The weighted kappa for inter-observer correlation for mLPC was 0.64 (95% confidence interval: 0.55 to 0.74) and was 0.82 (range: 0.35 to 0.99) for intra-observer correlation. Individual surgeon’s overall performance varied from 48% to 88% agreement. Surgeon mLPC performance was not influenced by years of experience (p = 0.51). Radiograph selection did not influence gold standard assignment of mLPC. There was greater agreement on cases of mild B hips and severe C hips.

Conclusions

mLPC has low good inter-observer agreement when performed by a large number of surgeons with varied experience. Surgeons frequently chose different radiographs, with no impact on mLPC agreement. Further refinement is needed to help differentiate hips on the border of group B and C.

Level of evidence

III

Keywords: lateral pillar classification, Legg Calvé Perthes disease, paediatric hip, inter-observer reliability, intra-observer reliability

Introduction

Patients with Legg Calvé Perthes disease present heterogeneously, in various stages and with a spectrum of severity. Extent of femoral head involvement in the active stages of the disease has been linked to the long-term prognosis of the hip. Multiple classification systems have been developed in efforts to assess the severity of disease and to help predict outcomes. In order to be effective, a classification system should be reproducible and reliable, allowing for comparisons between patients and between studies. Catterall ¹ classified femoral head severity into four groups during the fragmentation stage based on location and extent of avascularity. Reports of inter-observer reliability for this classification have been variable, ranging from fair to good.^2–5 Salter and Thompson⁶ utilized the subchondral fracture line seen in the initial stage of disease to classify femoral head involvement. One practical limitation of this classification is that not all patients demonstrate this sign, making it applicable only to a subset of patients.

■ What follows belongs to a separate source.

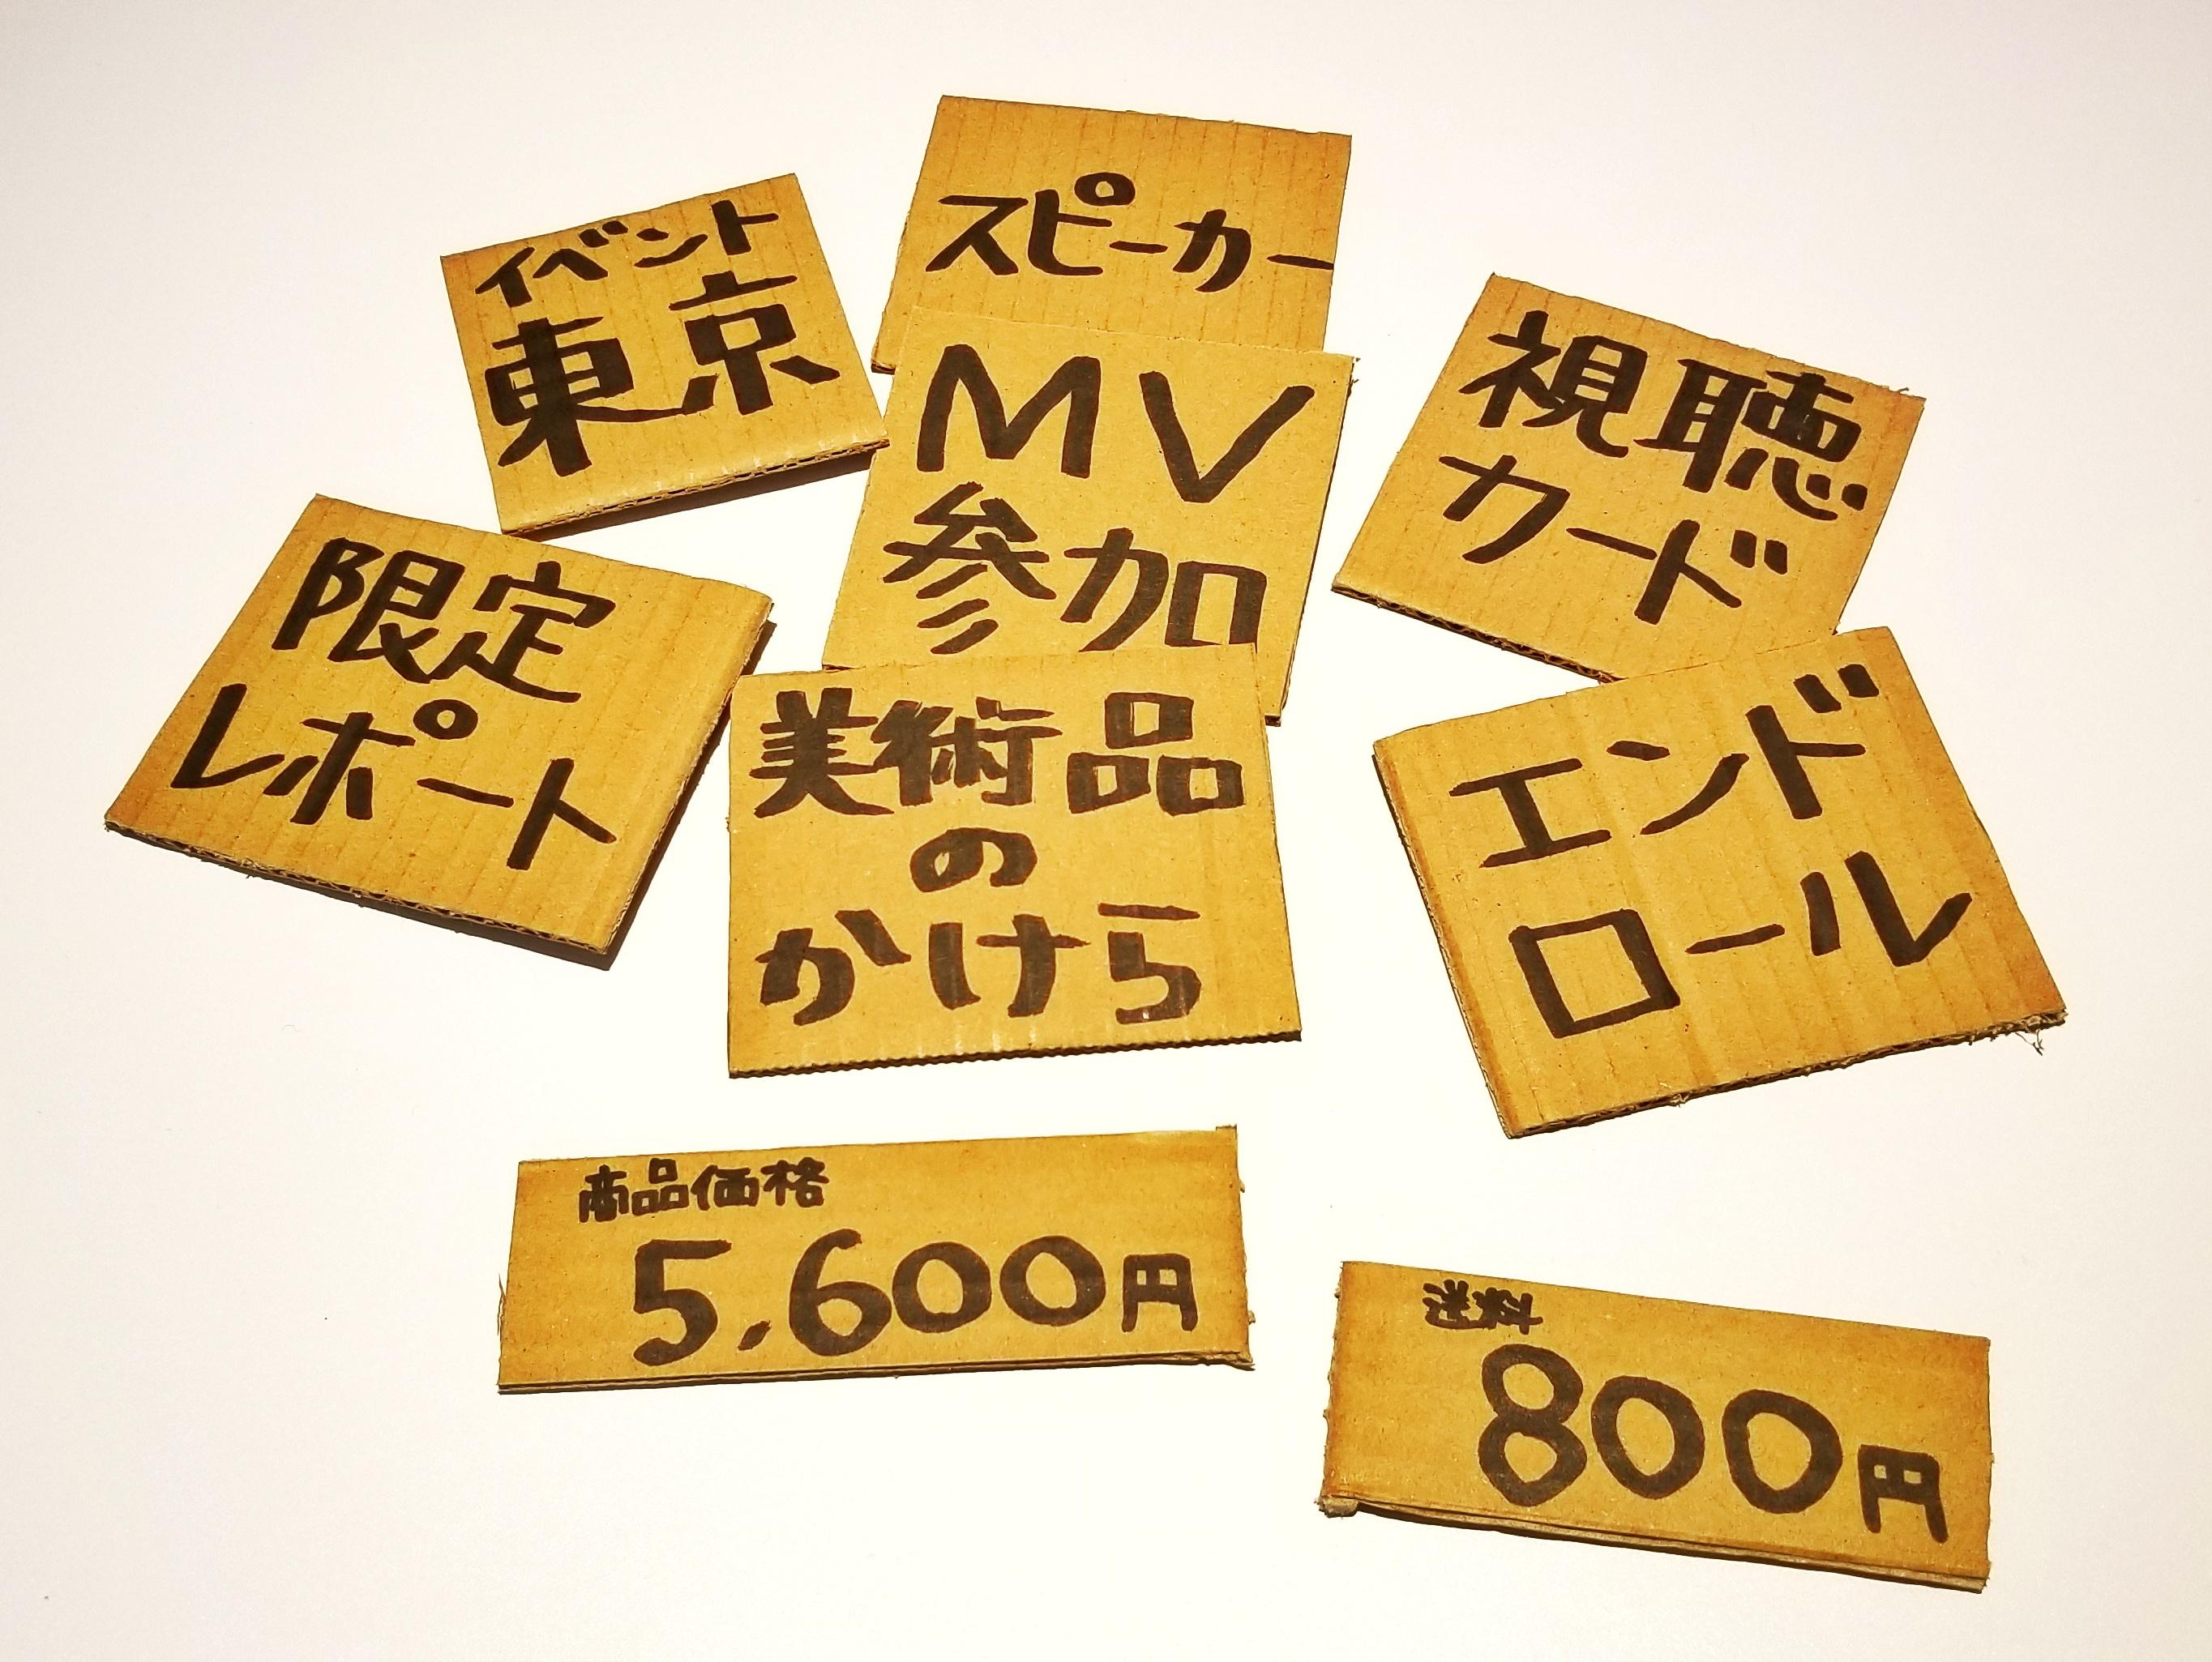 【11/20まで】四星球プレミアムイベント《東京》付きMV参加プランの画像

Unable to find good agreement with the Catterall classification system, Herring et al developed the lateral pillar classification (LPC) which was reported in 1992.⁷ They classified hips into three groups during the fragmentation stage of disease. The LPC divides the femoral head into three anatomic sectors and classifies hips based on the involvement of the lateral pillar alone on an anterior-posterior (AP) view. Group A has no lateral pillar involvement, Group B maintains greater than 50% of the original lateral pillar height, and Group C has > 50% collapse of the lateral pillar. Herring reported agreement 78% of the time between observers and an inter-observer kappa value of 0.52.⁷ Subsequent studies have shown better correlation of the LPC with radiographic outcome than the Catterall classification,^2,8 and moderate to good inter-observer and intra-observer reliability of the LPC.^2,3,8–10

Due to difficulties finding consensus in classifying a specific group of hips that were more severe than typical Group B hips and less severe than most Group C hips, Herring described a modification of the LPC (mLPC) in 2004, adding a B/C border group.¹¹ The B/C group was defined as hips with any of the following radiographic findings: 1) very narrow lateral pillar maintaining > 50% height, 2) lateral pillar with very little ossification but > 50% original height, or 3) lateral pillar is depressed relative to central pillar but maintaining 50% of the original height. Herring reported good inter-observer agreement of the mLPC with a modified weighted kappa of 0.71,¹¹ but subsequent reports of inter-observer agreement have not been able to reproduce this level of agreement, finding only fair reliability (weighted kappa values of 0.39-0.40).^2,12 Additionally, previous studies of reliability of the mLPC have pre-selected the fragmentation radiographs for rating and have included only a small group of observers (five to six).^2,12 This does not reproduce the clinical environment in which surgeons with a wide variety of experience sort through serial radiographs, selecting the appropriate radiograph for assigning the mLPC in order to assess severity and predict prognosis.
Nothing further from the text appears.